SEMR offers a platform that companies use to increase organic traffic to their sites using Search Engine Optimization tools. They can also manage their paid marketing campaigns and spy 🕵️♀️ on their competitors. Revenue increased 58% y/y in the most recent quarter.
🥈The cool online collaboration tool
Monday.com ($MNDY) is a newly listed project management software firm. While there are dozens of solutions out there, Monday’s modern and fully customizable platform attracts small and mid-sized businesses that use it to manage their operations.

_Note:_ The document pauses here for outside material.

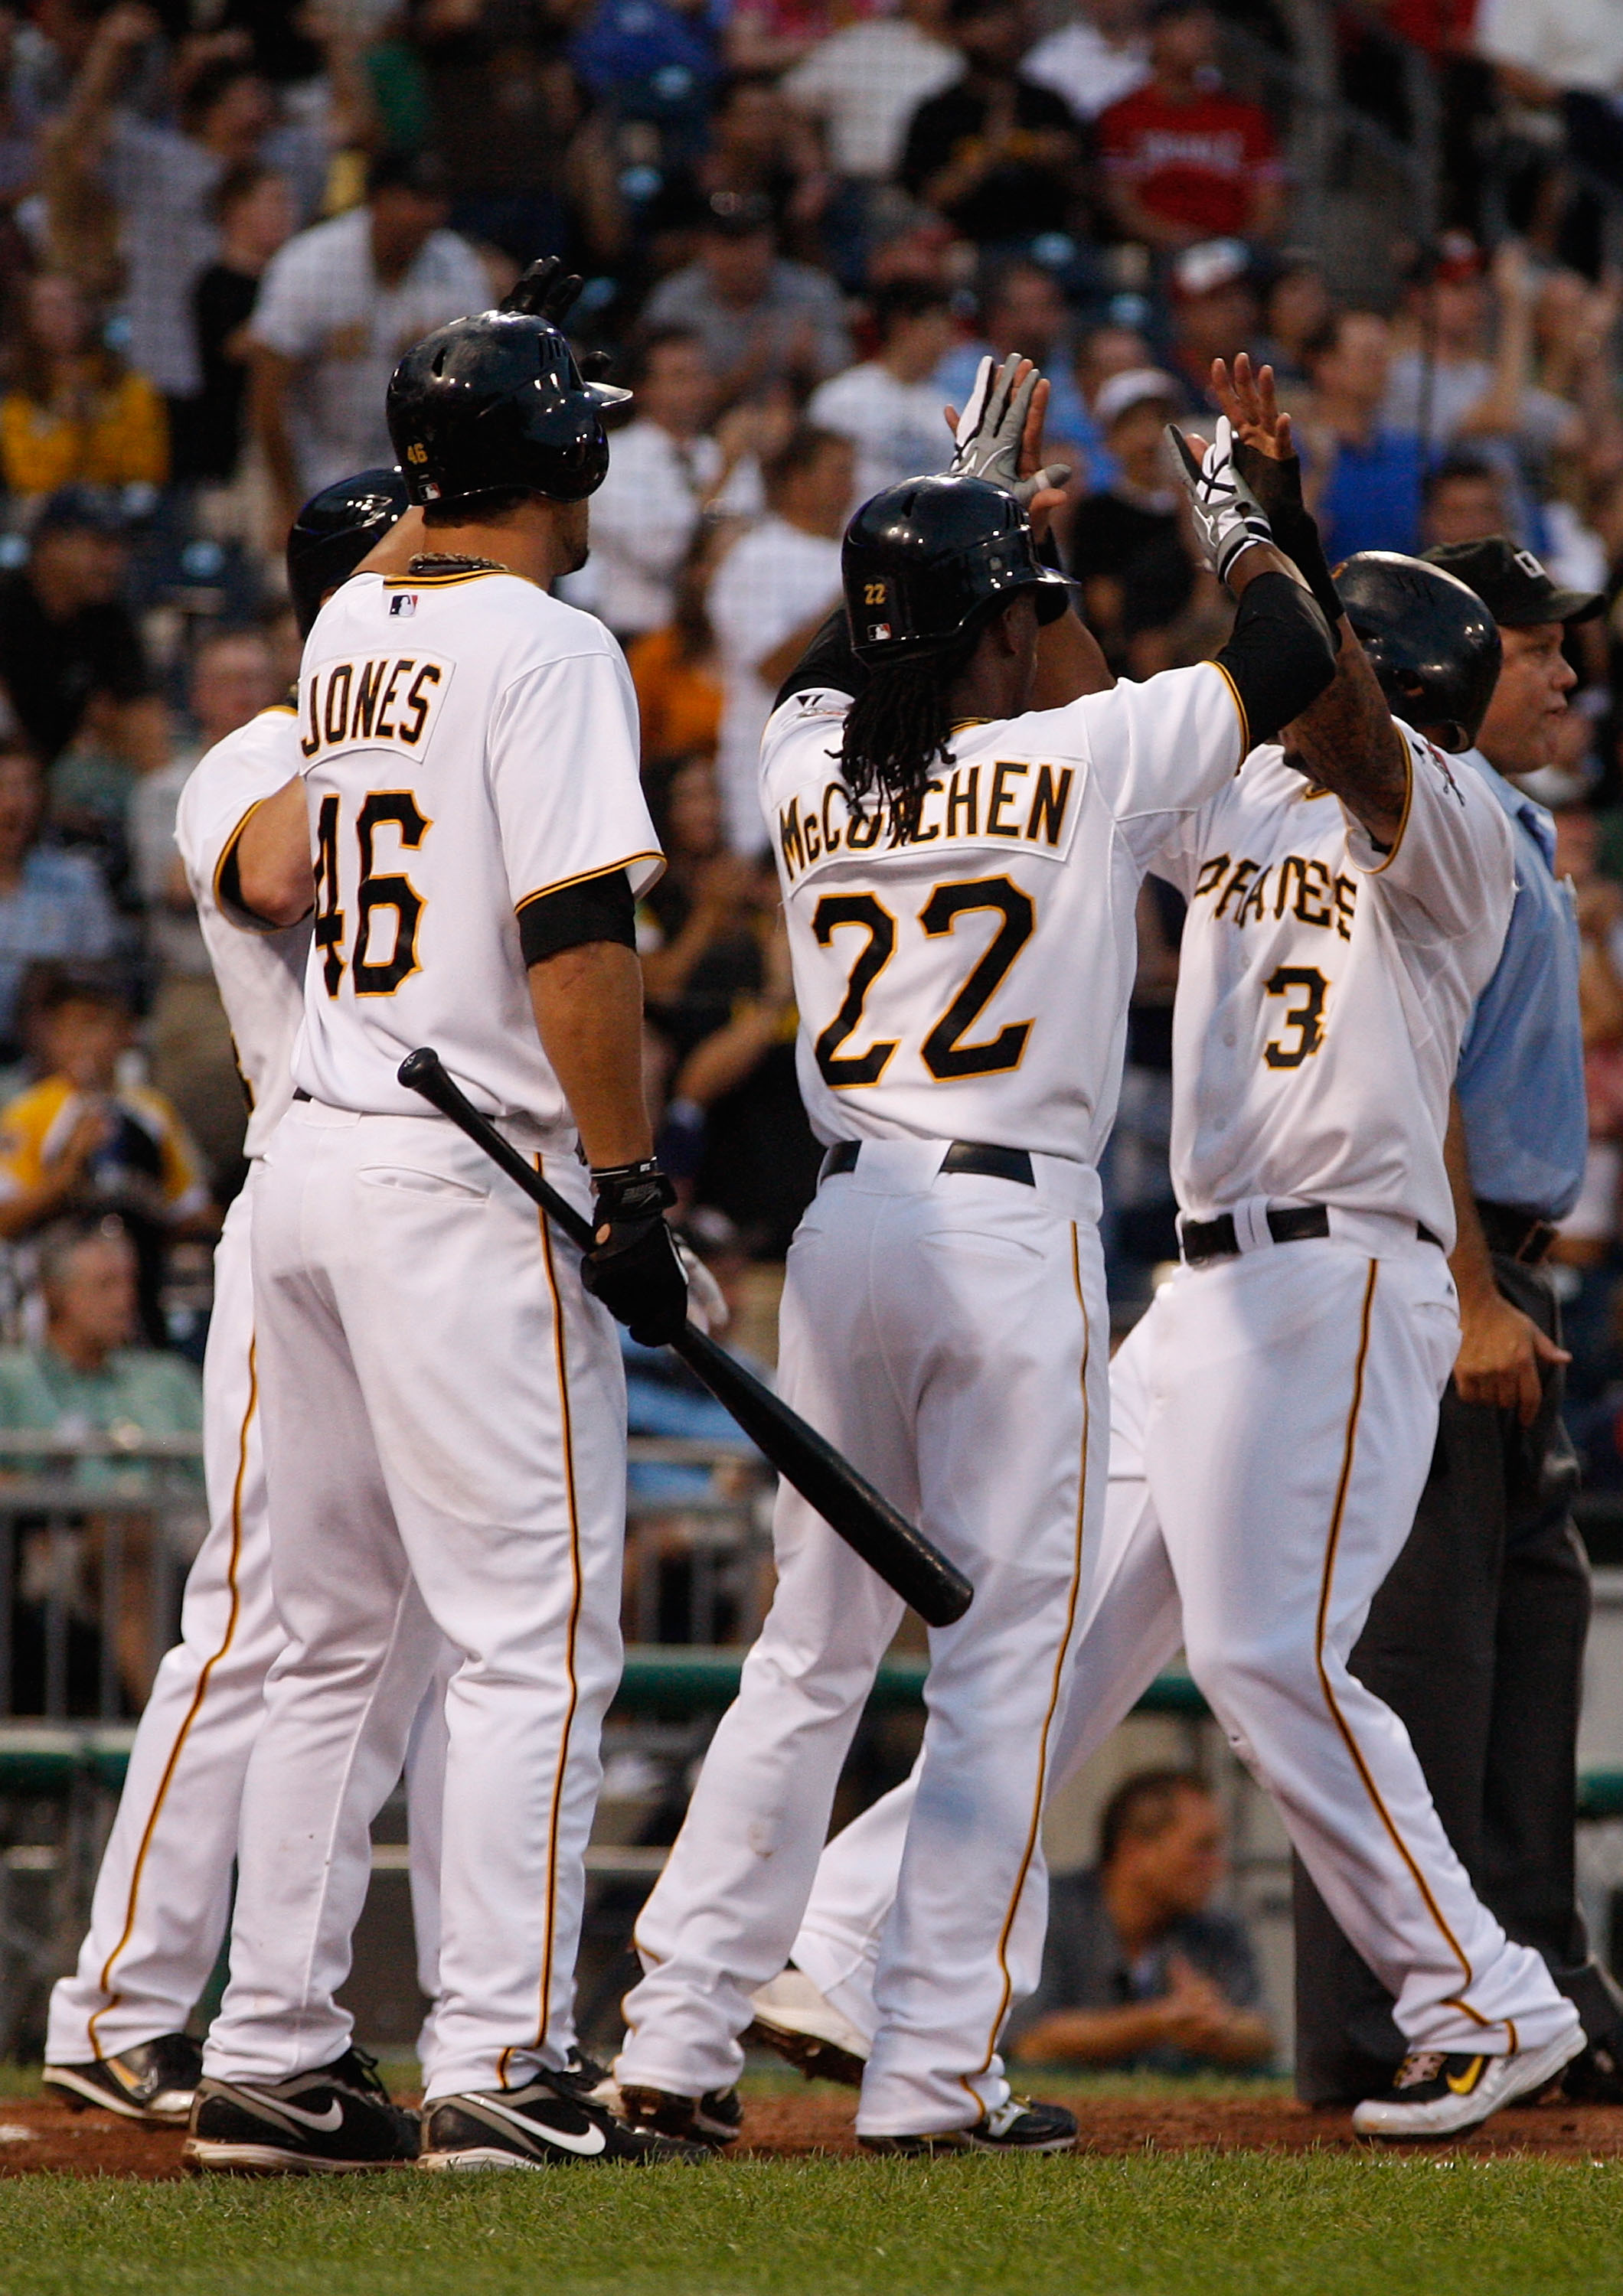 PITTSBURGH - AUGUST 25:  Jose Tabata #31 of the Pittsburgh Pirates celebrates with teammates Andrew McCutchen #22 and Garrett Jones #46 after scoring against the St. Louis Cardinals during the game on August 25, 2010 at PNC Park in Pittsburgh, Pennsylvani

Its stock has risen 104% since its trading debut two months ago. This week alone, MNDY jumped 30% after strong Q2 earnings results. Monday is growing very fast, in the most recent quarter revenue increased 94% y/y, but investors were most excited about the signs of operating leverage. In Q2 the increase in marketing expenses slowed down while revenue growth picked up. That’s why shares soared this week.
🥇The Shopify effect
Shopify ($SHOP) partner Global-e Online ($GLBE) is probably the best performing IPO so far this year. Shares have rallied 184% since trading debut in May. Like its partner, Shopify, GLBE is firing on all cylinders. On Monday, the company reported Q2 earnings that showed revenue growth of 92% y/y.
GLBE helps global online stores offer localized shopping experiences such as local payments and shipping solutions. It also offers local market know-how and other services that make them more competitive. Shopify is an investor in GLBE which is the exclusive provider of cross borders e-commerce services for Shopify merchants.